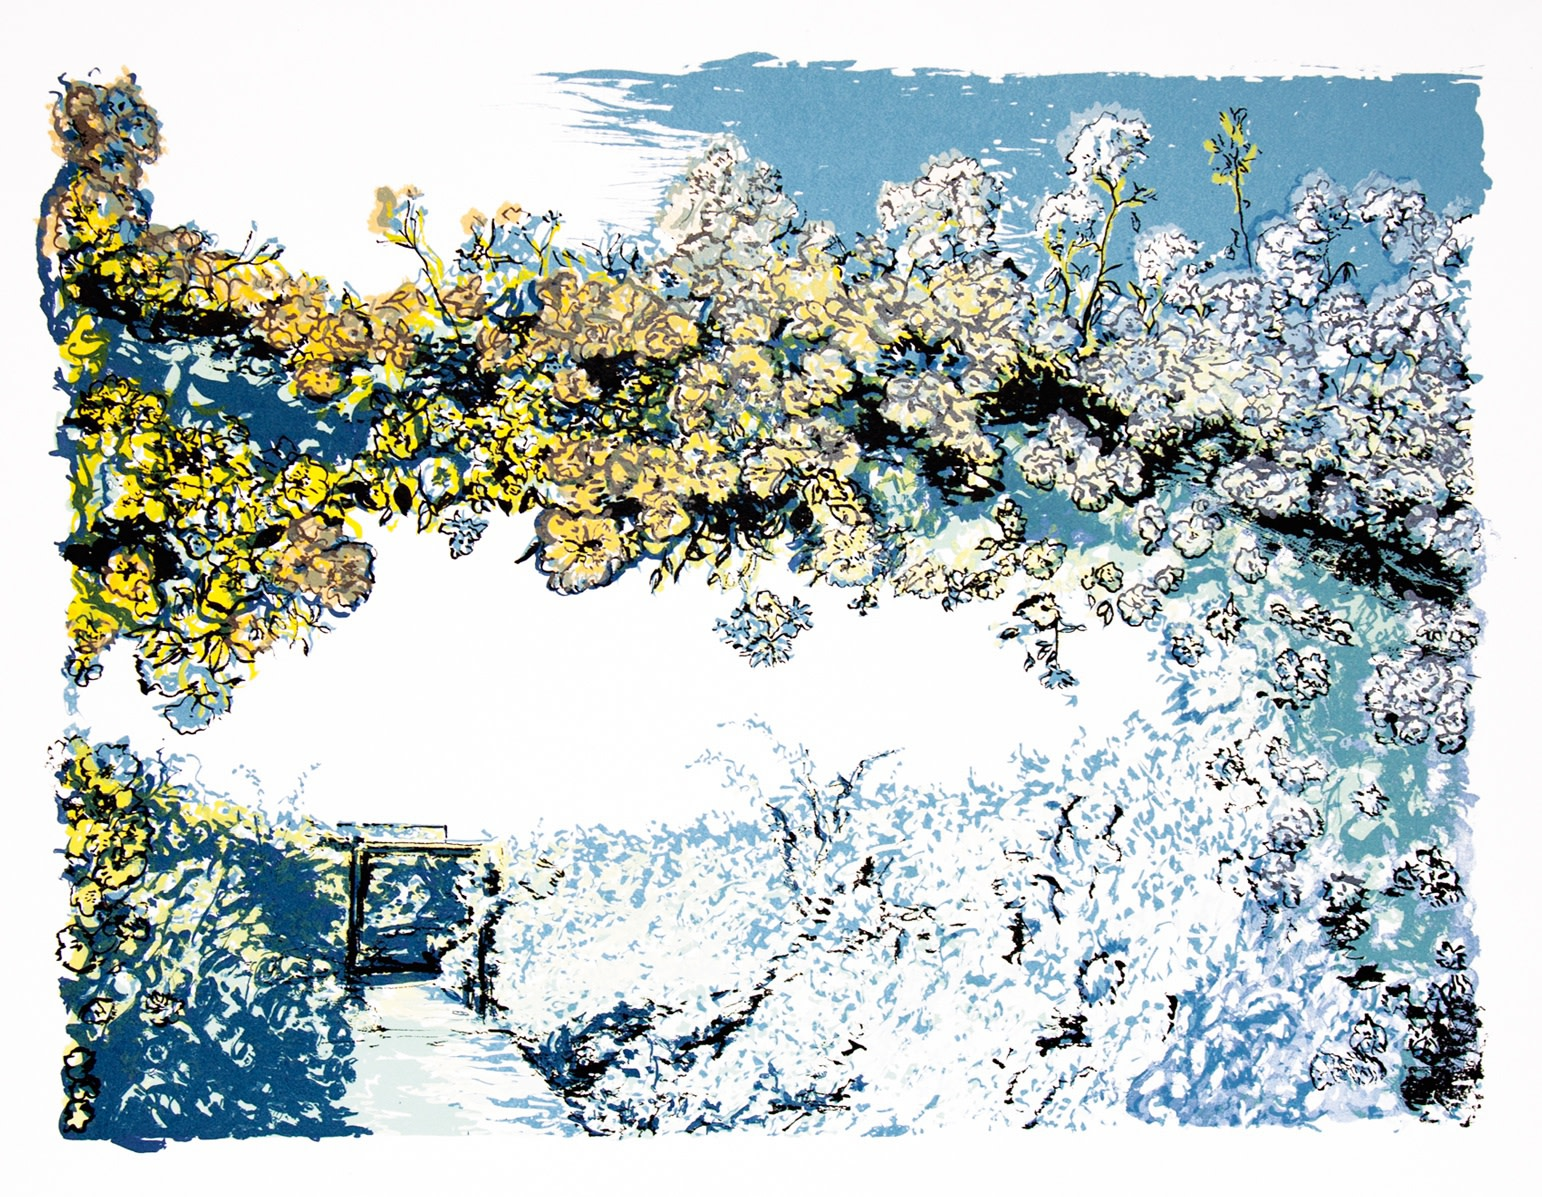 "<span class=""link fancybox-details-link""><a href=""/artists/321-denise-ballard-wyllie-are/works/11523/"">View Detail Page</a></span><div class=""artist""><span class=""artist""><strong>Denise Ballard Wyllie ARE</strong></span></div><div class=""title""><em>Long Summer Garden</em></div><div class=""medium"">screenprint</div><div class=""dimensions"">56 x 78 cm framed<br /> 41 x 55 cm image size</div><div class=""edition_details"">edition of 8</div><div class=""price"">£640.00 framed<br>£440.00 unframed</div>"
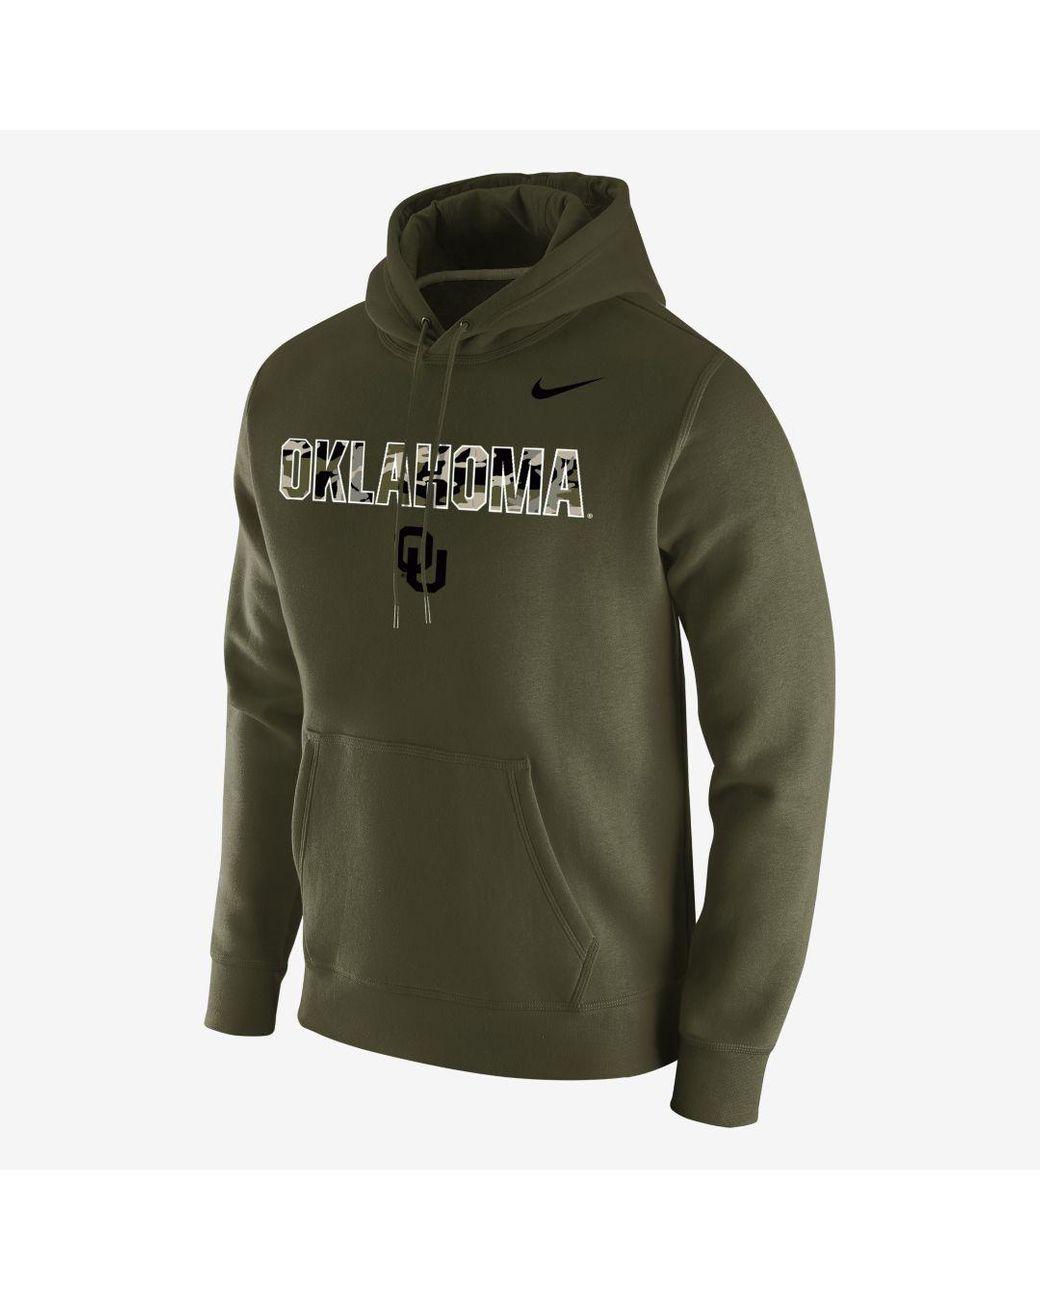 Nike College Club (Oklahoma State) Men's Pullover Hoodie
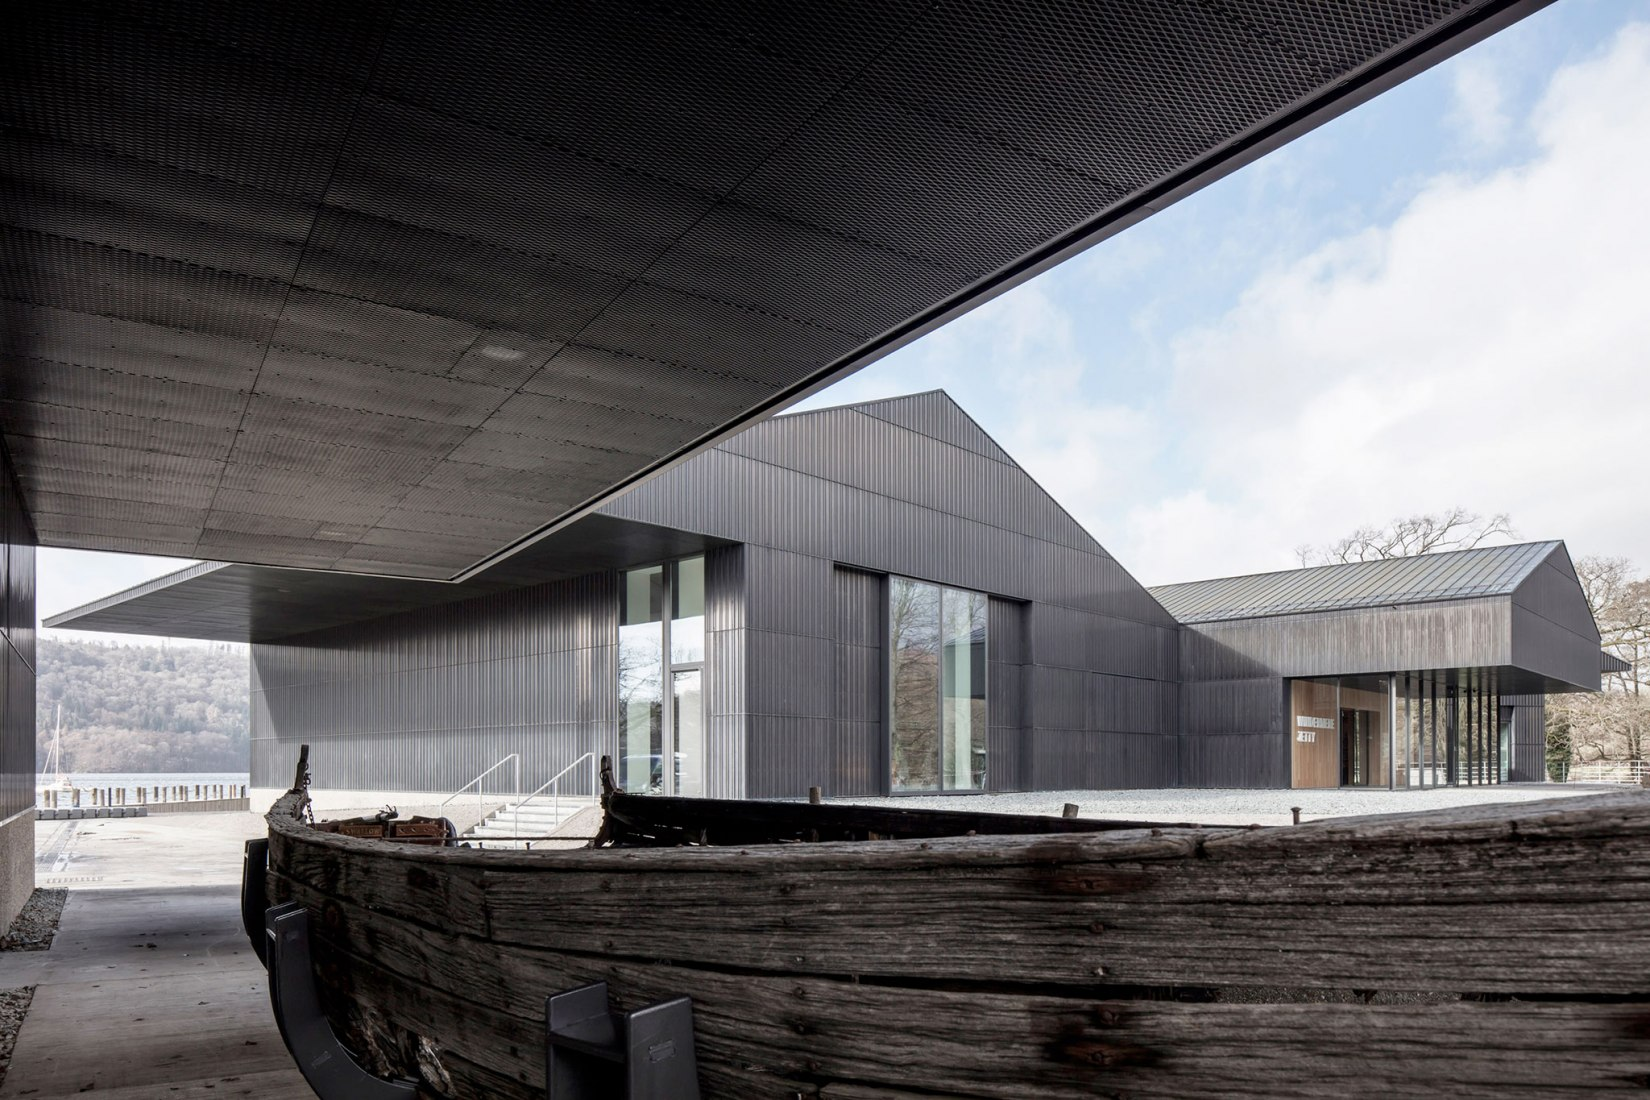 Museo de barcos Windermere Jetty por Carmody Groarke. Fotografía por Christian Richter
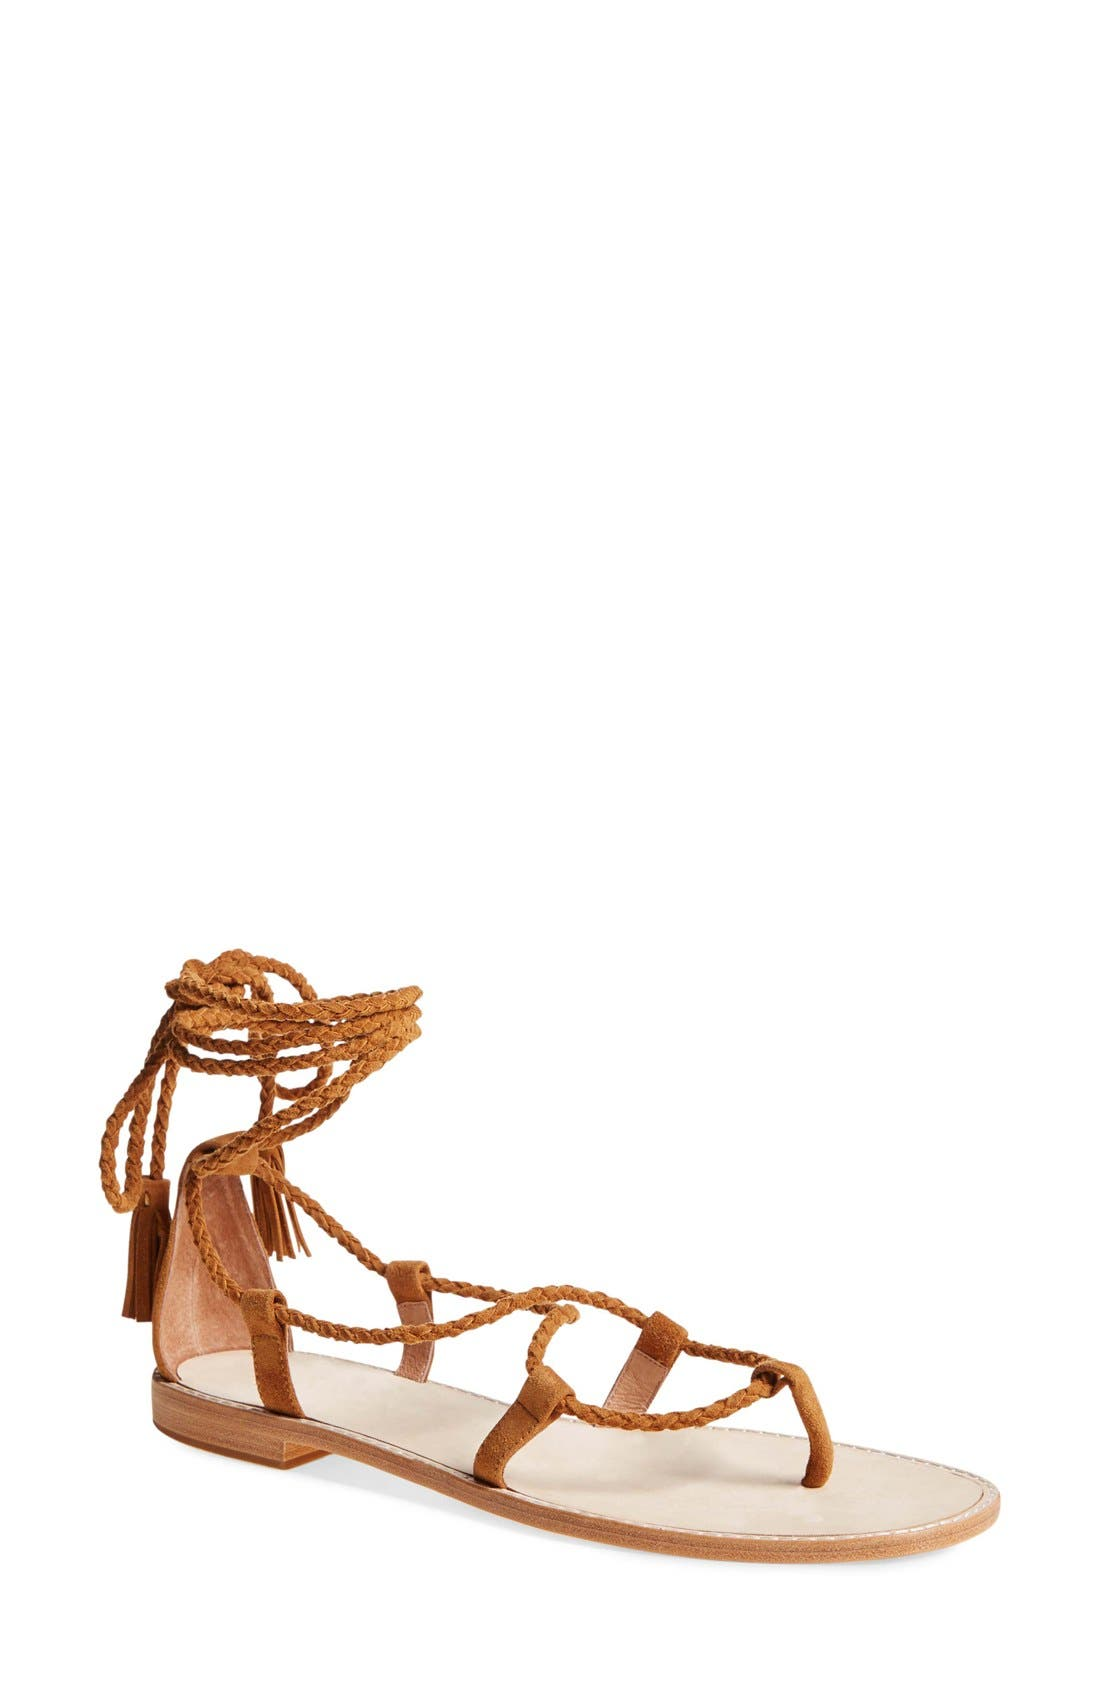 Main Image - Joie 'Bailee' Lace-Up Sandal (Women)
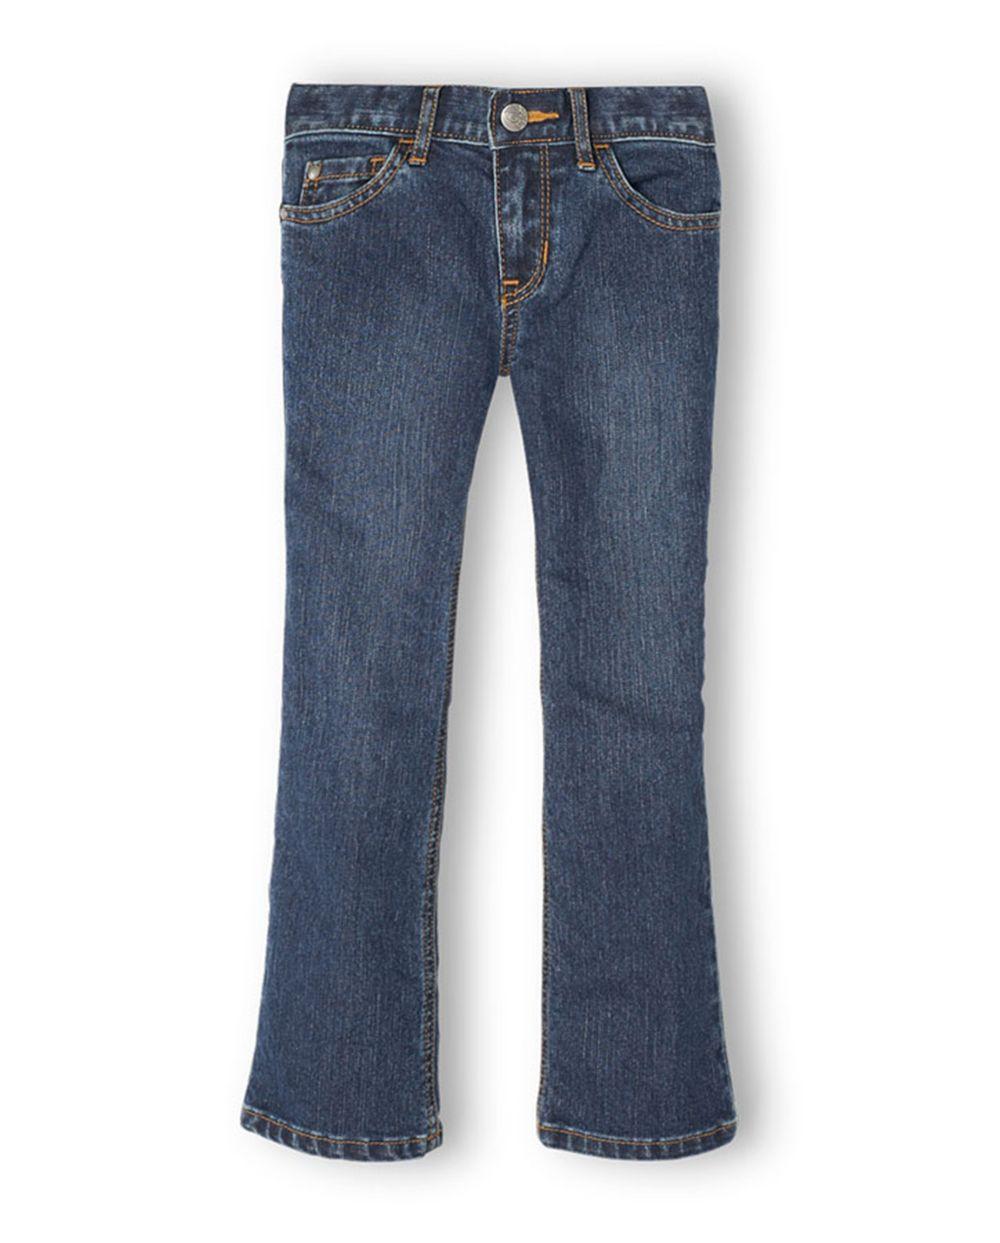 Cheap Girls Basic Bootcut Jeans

----------------

● TRY IT
The line containing "Museo de barcos" and all lines after it, through the last line of the records, should be returned exactly. Omit the pictures.

● RESULT OF THIS EXERCISE
 Museo de barcos Windermere Jetty por Carmody Groarke. Fotografía por Christian Richter
 Main Image - Joie 'Bailee' Lace-Up Sandal (Women)
 Cheap Girls Basic Bootcut Jeans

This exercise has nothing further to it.